**Supplied data**
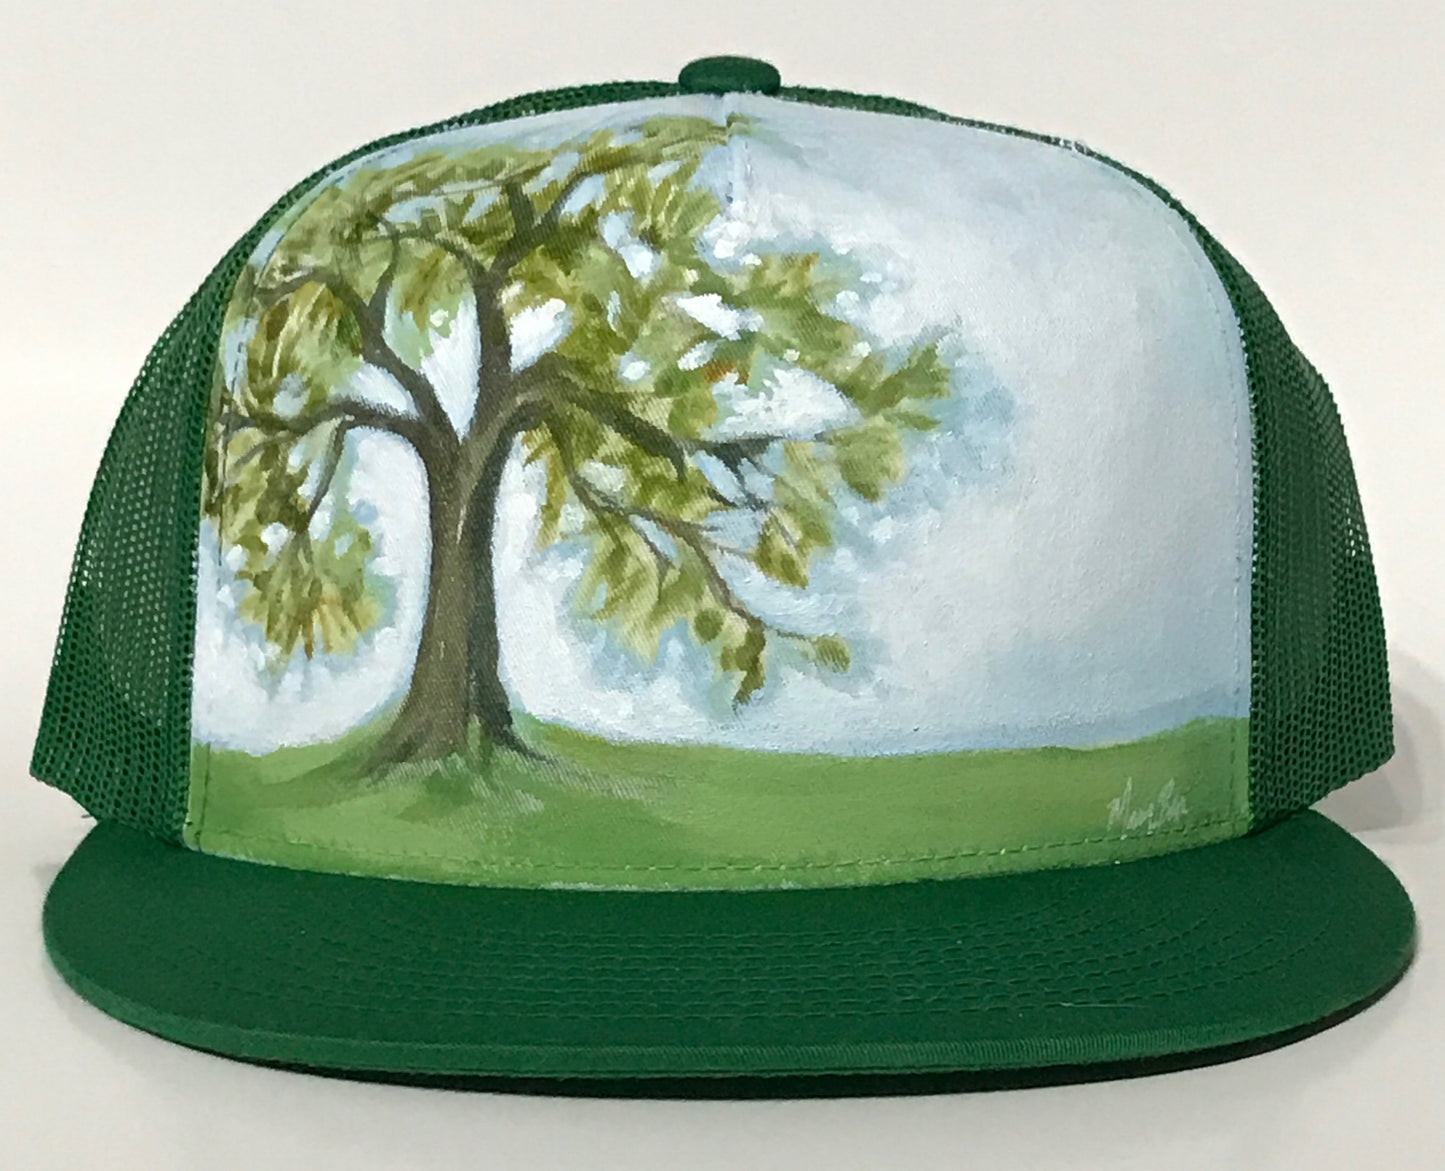 "Tree" Hand Painted on Green Snapback Trucker Hat
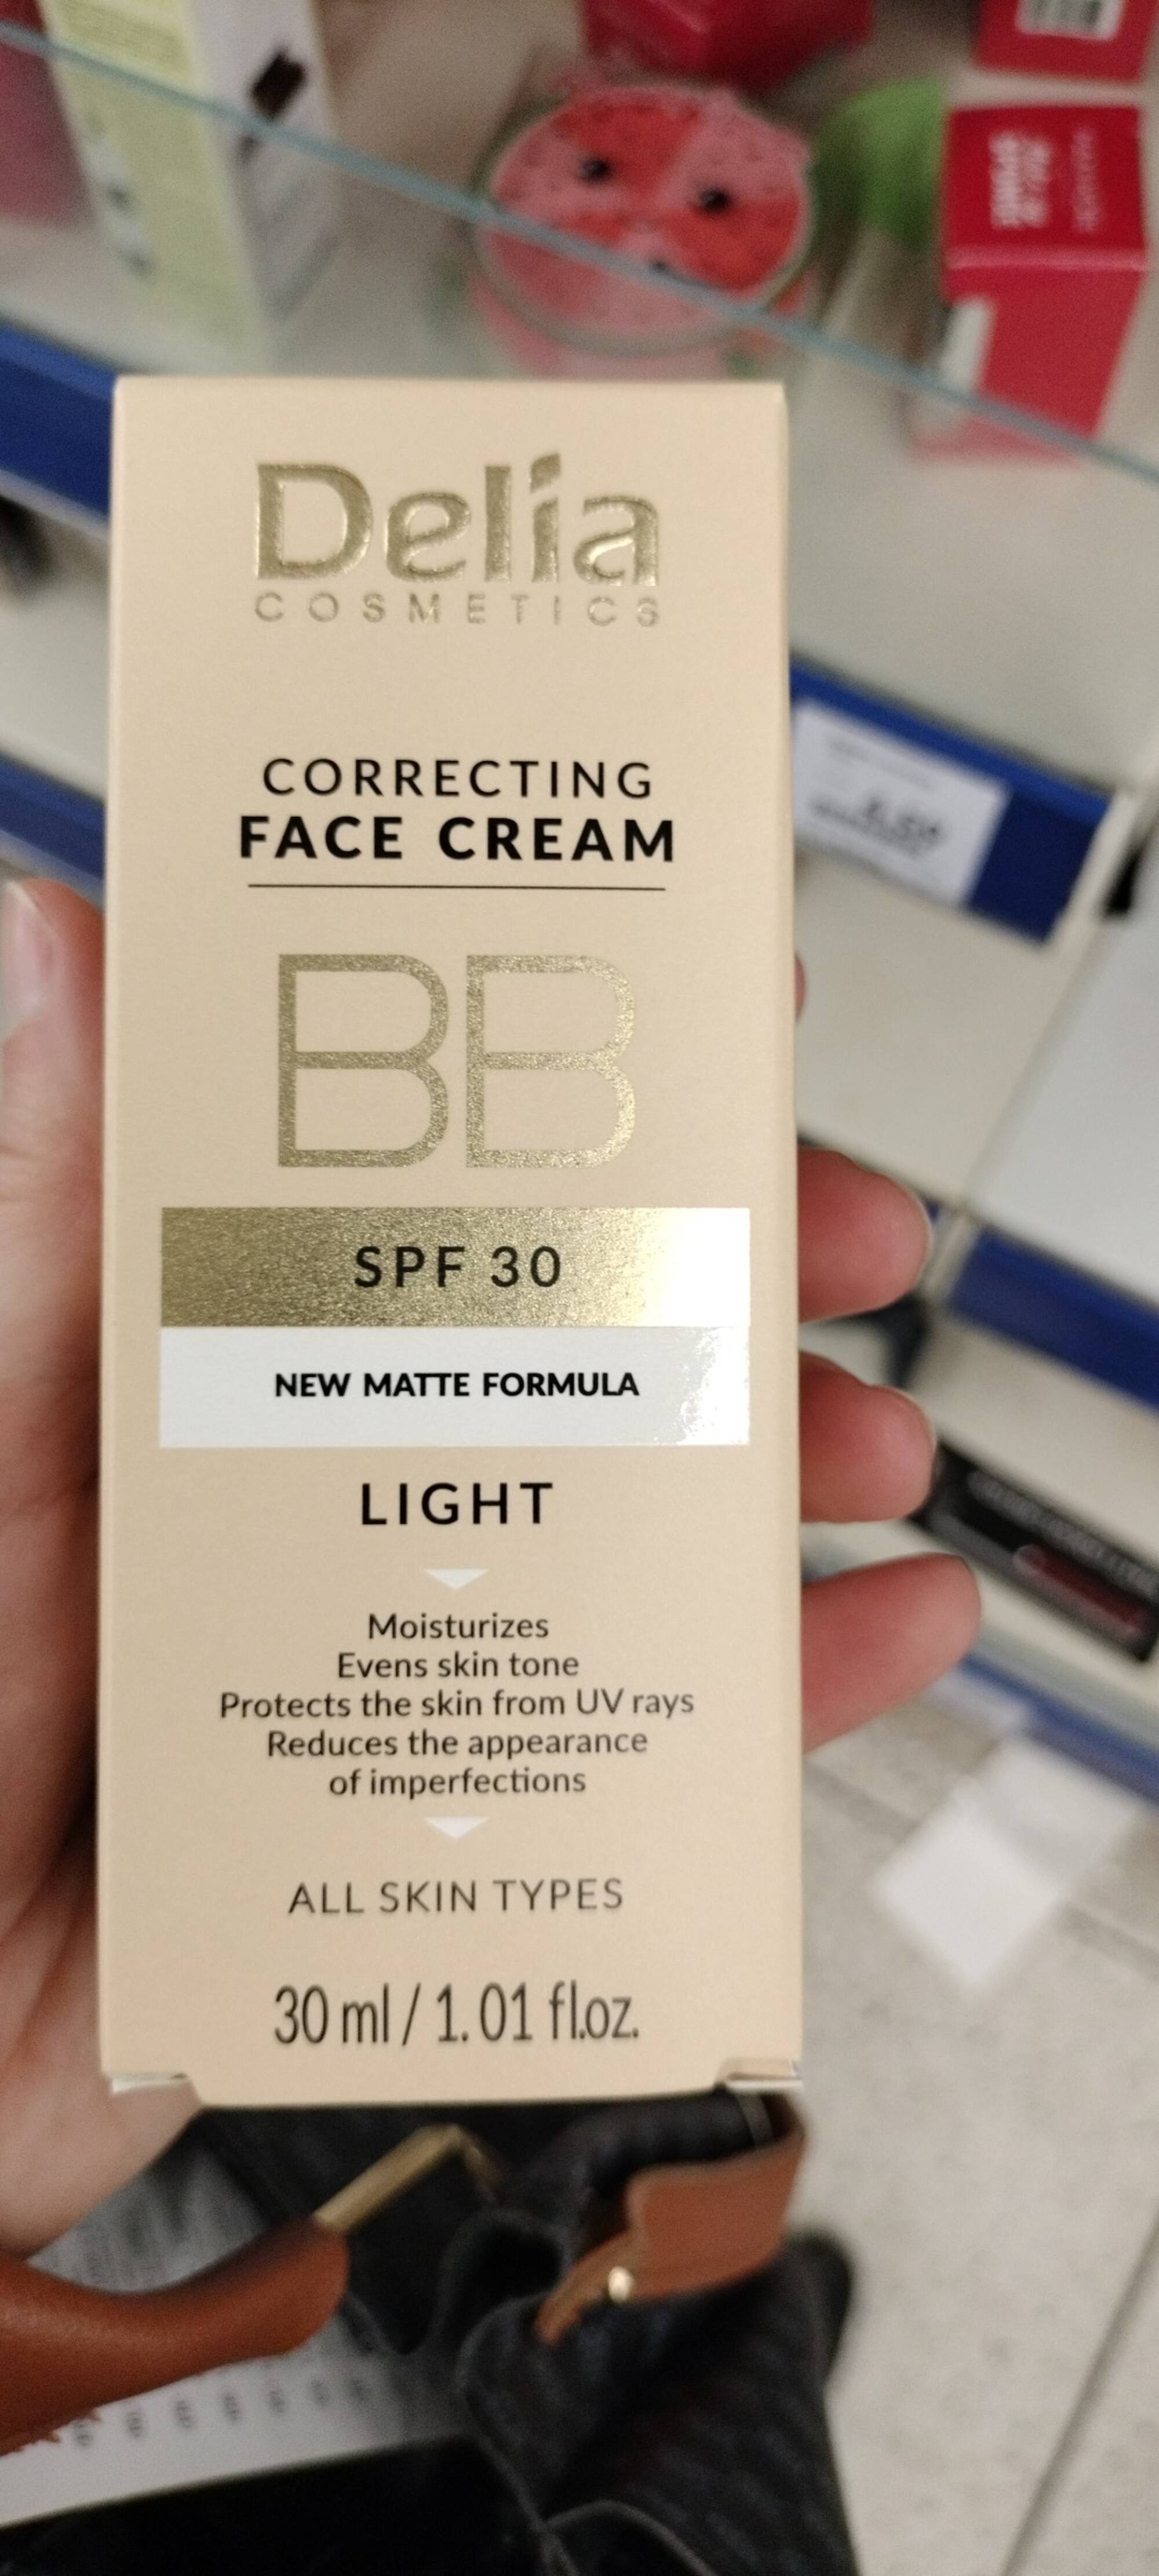 DELIA COSMETICS - Correcting face cream BB SPF 30 light
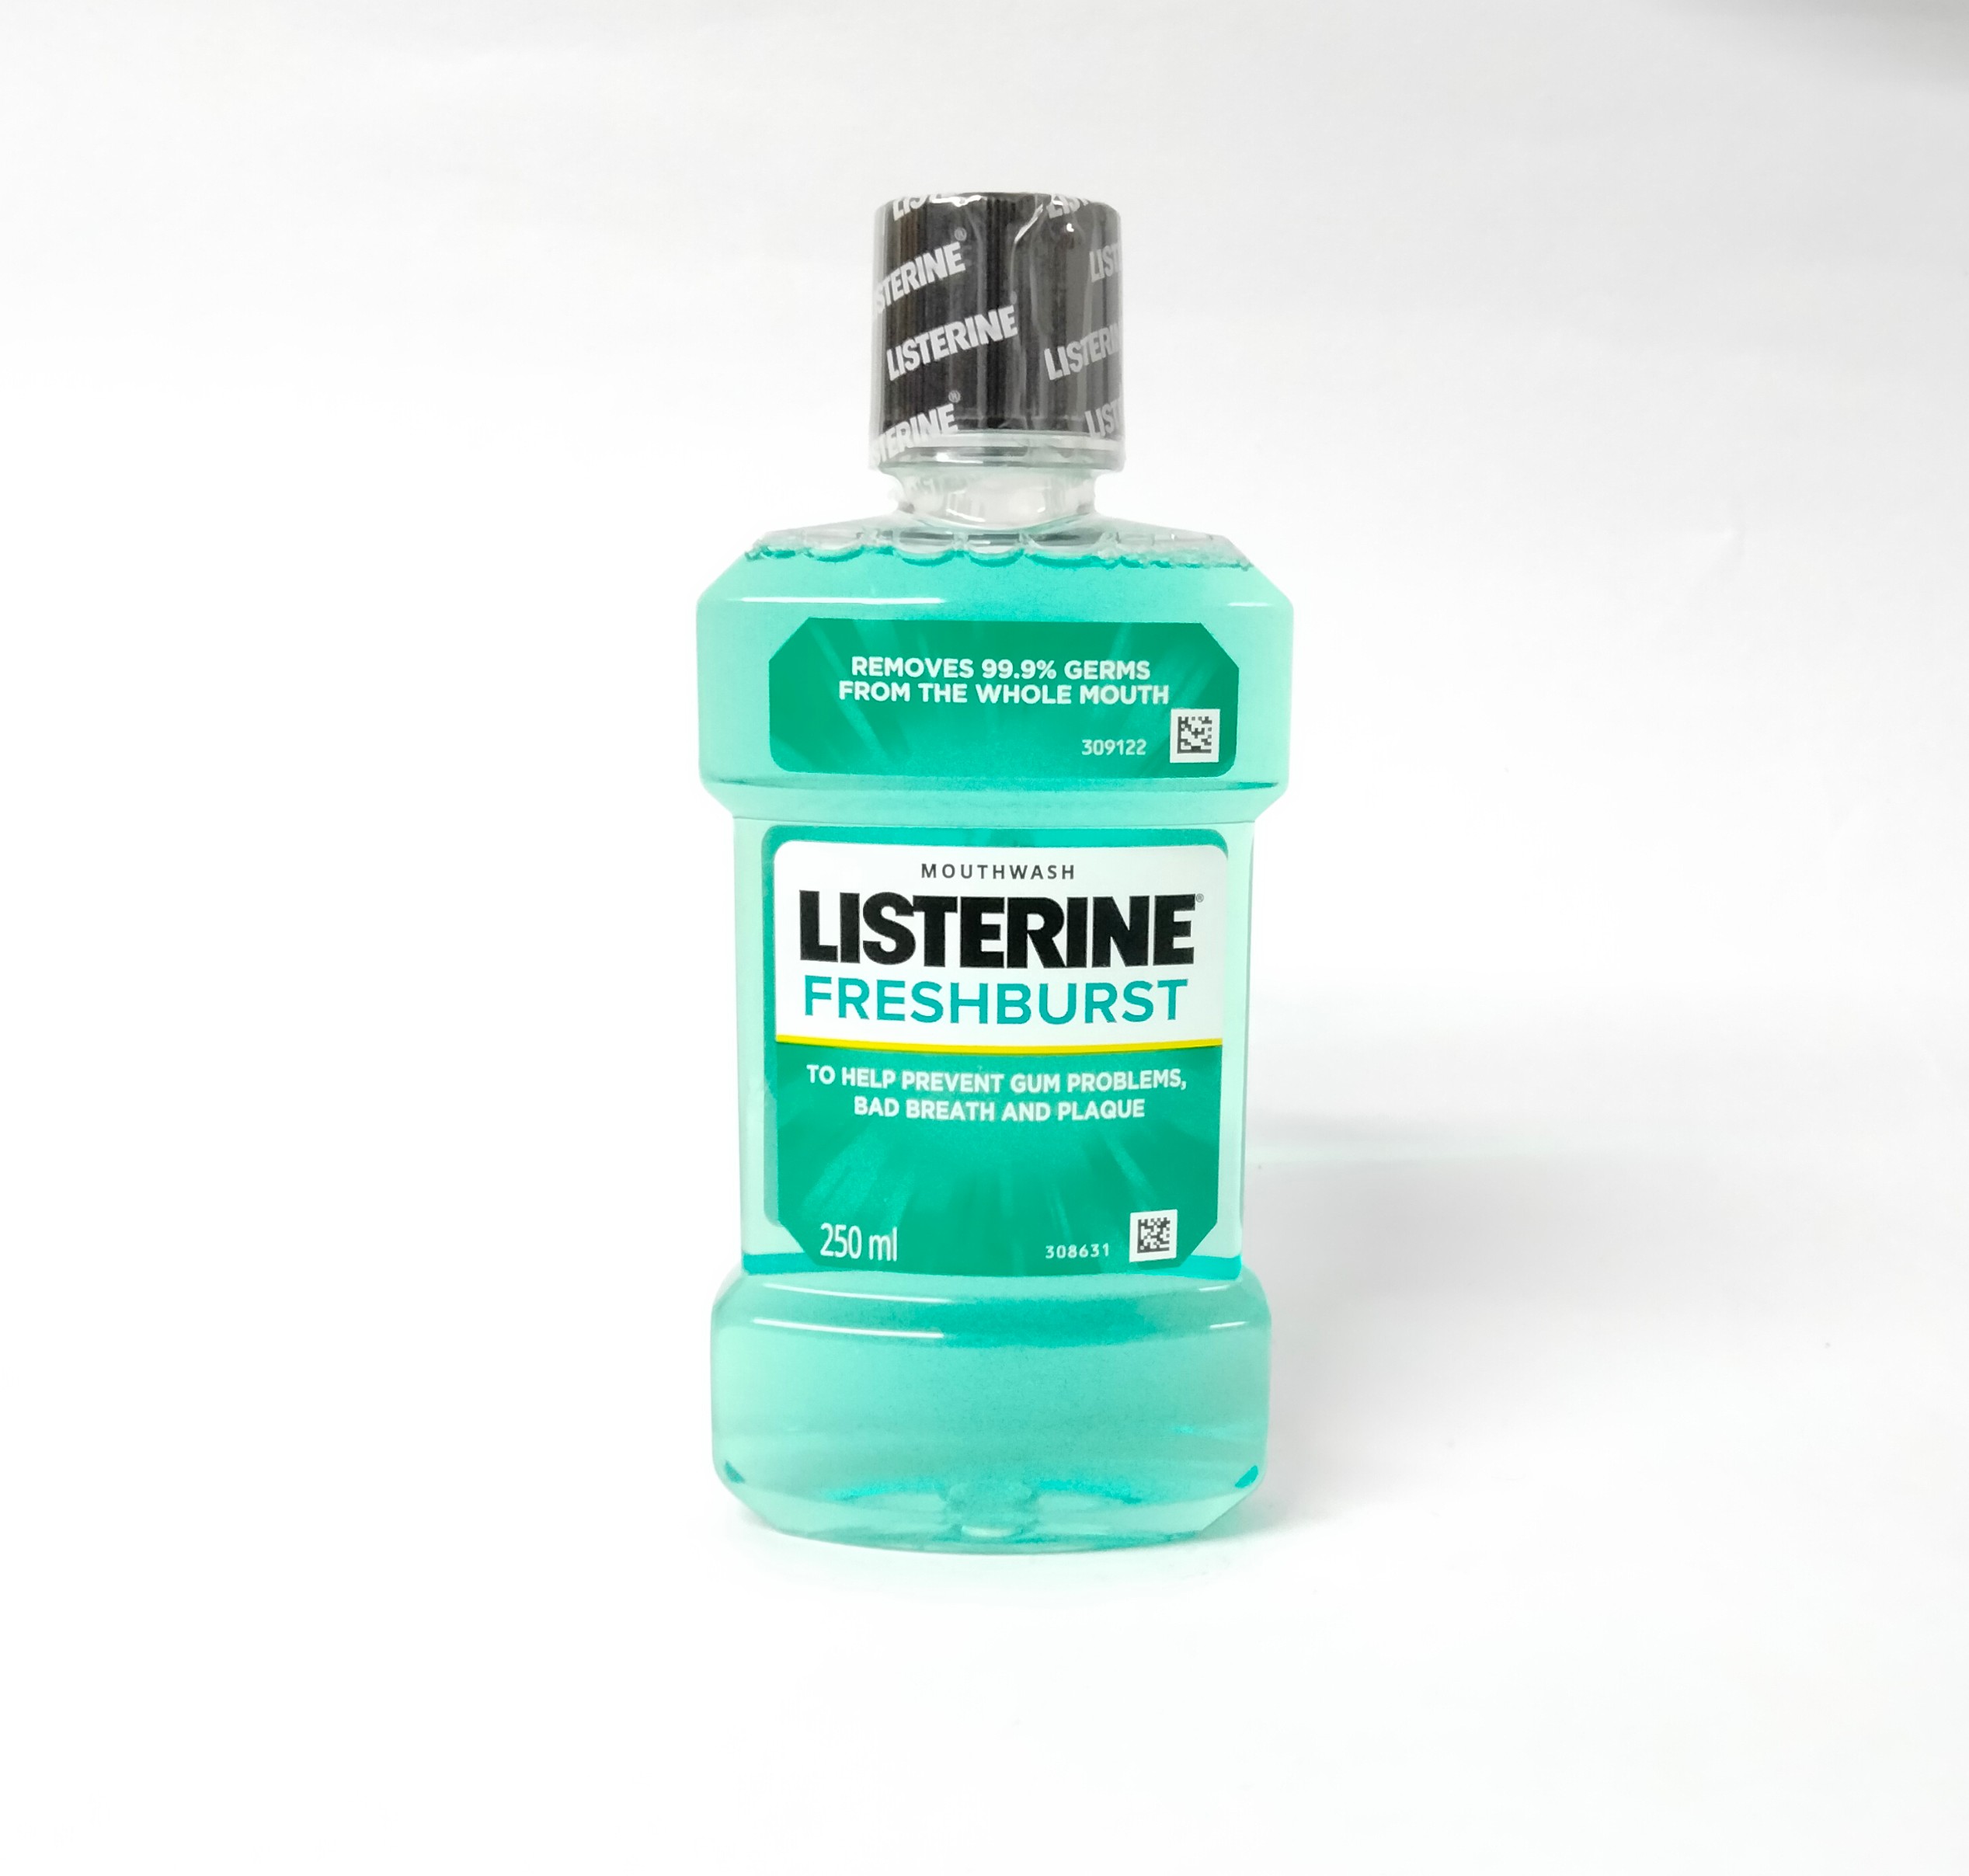 Listerine Freshburst Mouth Wash

**Work item**
Return the data exactly as it stands, minus the pictures.

**Your solution**
 "Tree" Hand Painted on Green Snapback Trucker Hat
 DELIA COSMETICS - Correcting face cream BB SPF 30 light
 Listerine Freshburst Mouth Wash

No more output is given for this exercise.